Celle-là, c’est la meilleure ! Mon garage en a vu défiler, des voitures, mais cette fois, je sens que je détiens la perle rare. Vous avez sans doute remarqué qu’avec les voitures, on en fait toujours trop. On en fait des caisses et c’est précisément pour cette raison qu’on a fini par les appeler ainsi ! A moins que ce soit l’inverse. « Peu importe le modèle, pourvu qu’il y ait l’ivresse », est une formule bannie par la sécurité routière, et pourtant je la fais volontiers mienne. Mon épanouissement dépend de la relation d’échange, de connexion et de communication que nous entretenons elle et moi. Qu’elle soit bourrée d’électronique et moi bourré tout court n’est pas un problème, dès lors que nous partageons les mêmes valeurs. Aujourd’hui, je suis certain d’accomplir un bon bout de chemin avec celle-ci, sans même d’ailleurs avoir besoin de prendre la route. Car, oui, pas une seule de mes voitures n’a quitté mon garage durant ce qui a été parfois une simple collaboration ou une cohabitation forcée. Si l’on me regardait avec des grands yeux à l’époque, les mentalités évoluent, la voiture ayant de moins en moins vocation à rouler ou à transporter, c’est bien connu. Bien sûr, elle roulera toujours des mécaniques, surtout en sortant, pimpante, des ateliers, mais son usage va changer radicalement.

Ma nouvelle bagnole me convient donc au plus haut point. Avant de trouver le modèle idéal, j’ai néanmoins subi des expériences délicates avec des vendeurs sans scrupules et des concessions automobiles qui ne faisaient aucune concession, et où les remises n’étaient pas de mise. Elles portaient décidément mal leur nom ! Il faut dire que la batterie d’arguments avancés par les commerciaux tombait souvent à plat. On ne parle pas le même langage. Tous avancent que les voitures présentées en ont sous la pédale. Je n’ai jamais su laquelle. D’ailleurs, je suis allé jeter un œil plus d’une fois, il n’y a pas grand-chose, ni sous la première, ni sous la deuxième, et pas plus sous la troisième. Il paraît également qu’elles en ont toutes sous le capot. C’est vrai, il y en a des trucs, mais c’est toujours pareil. Rien de très captivant !

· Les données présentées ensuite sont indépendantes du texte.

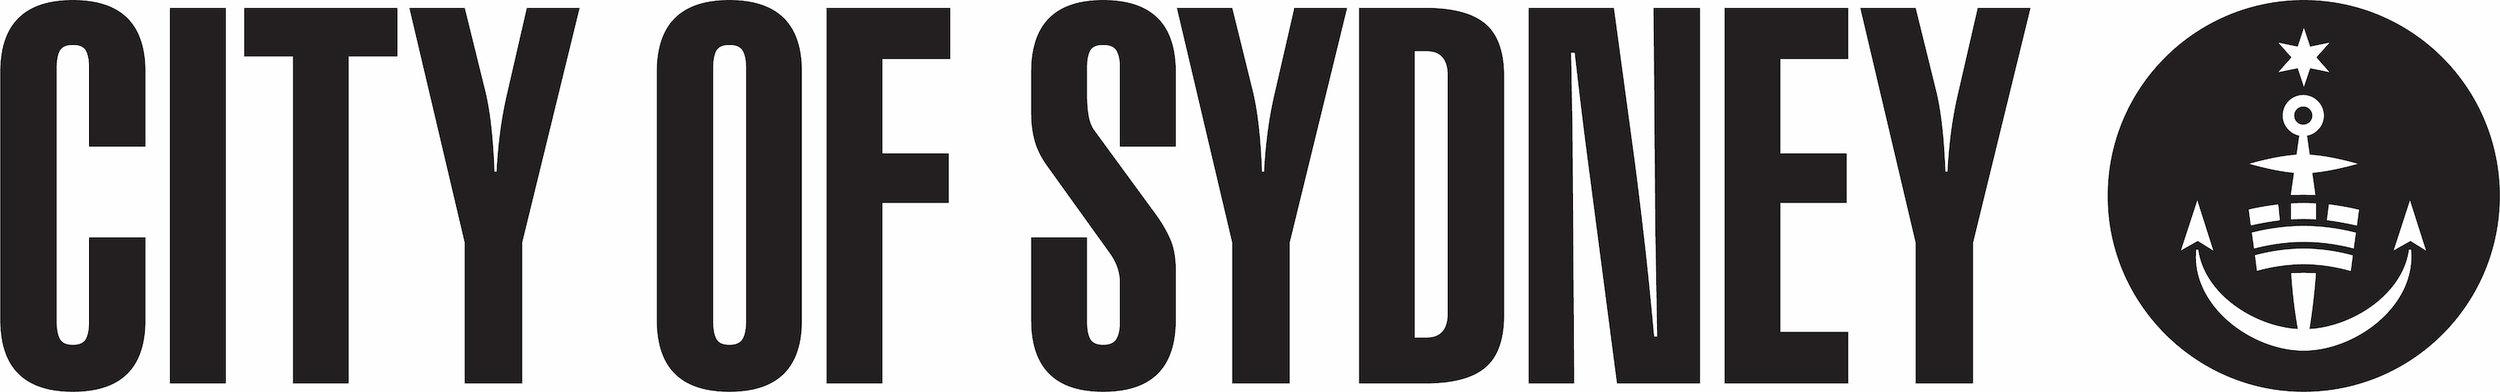 CoS_CMYK_LOCKED UP_STANDARD_BLACK.jpg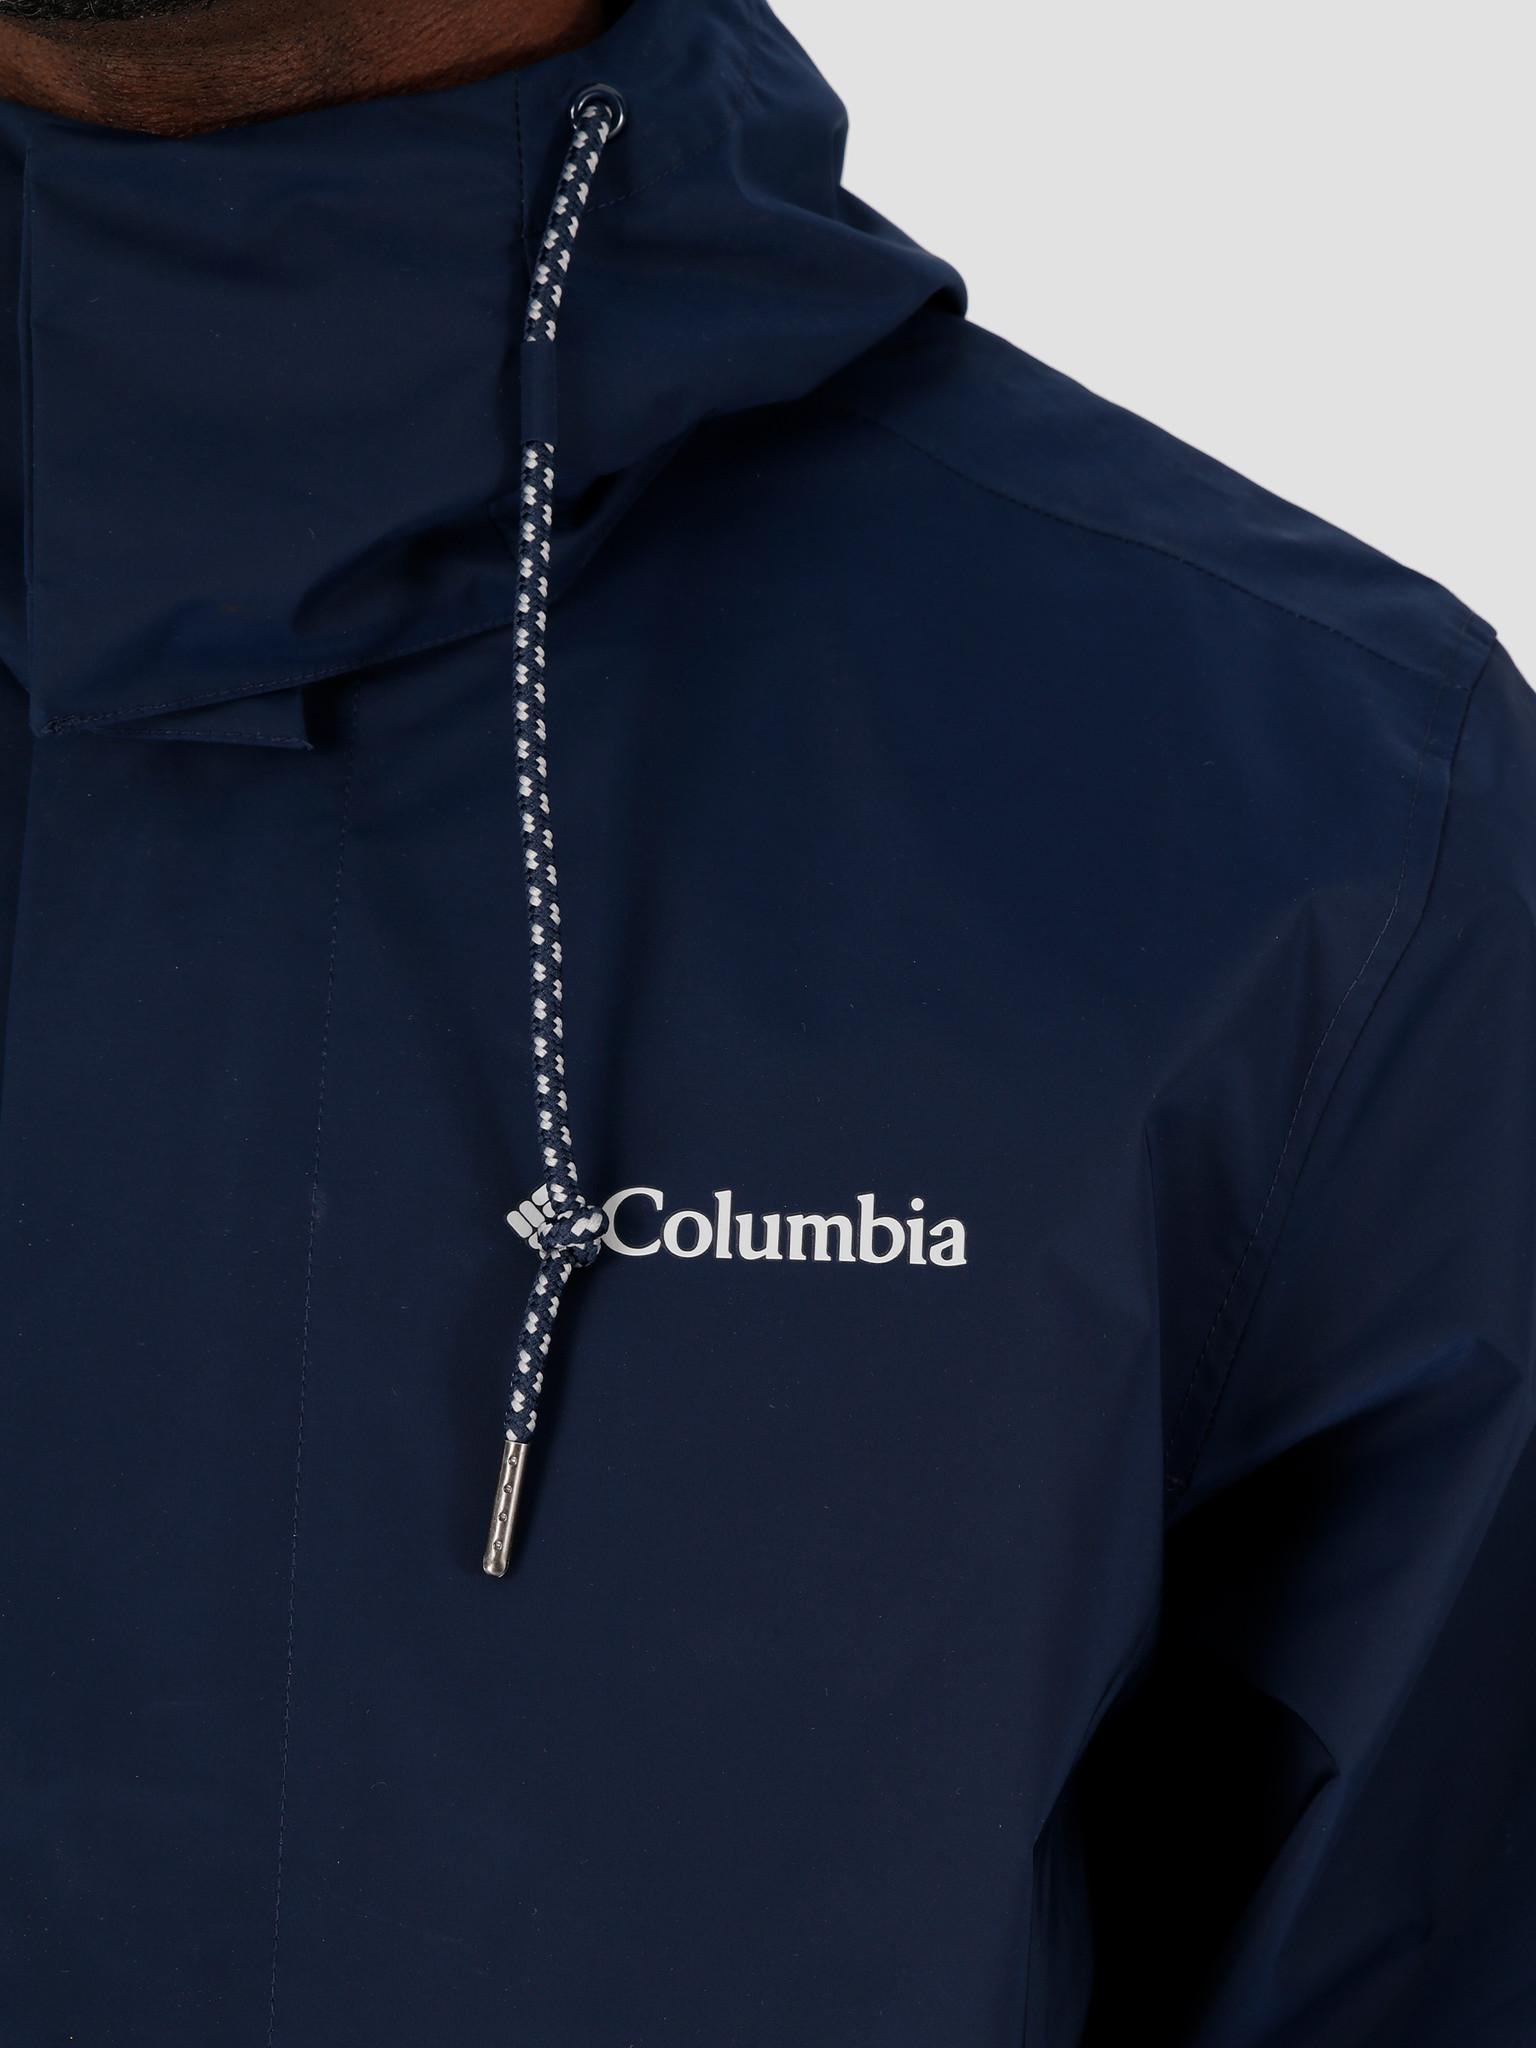 Columbia Columbia East Park Mackintosh Jacket Collegiate Navy 1889313464

Pour être sûr de tomber sur la compagne de mes rêves, j’en ai écumé des magasins, à la recherche de tuyaux. J’ai même pris d’assaut certains points de vente, j’y ai monté des sièges. Entendons-nous, on m’a jamais demandé de monter le moindre siège sur un modèle, j’en aurais de toute façon été incapable. Non, j’ai assiégé des concessionnaires pour obtenir les meilleurs conseils. En vingt ans, j’ai acheté un peu de tout. Je me suis même autorisé une voiture sans permis, je me suis motorisé avec des autos qui faisaient la risée du quartier. Puis je suis tombé sur cette voiture neuve, une occasion à ne pas louper ! Une fois de plus, on m’a pris pour un demeuré quand j’ai expliqué qu’elle resterait à demeure. Le directeur du magasin pensait que j’étais à côté de la plaque. Je ne voyais pas comment je pouvais l’être, sachant que je n’avais justement aucunement besoin de plaque d’immatriculation. Je l’ai entendu glisser à son collègue « lui, il me les brise ». Etonnant au vu de la multitude de pare-brise à la ronde ! Il a ajouté : « il va me faire perdre les pédales ! ».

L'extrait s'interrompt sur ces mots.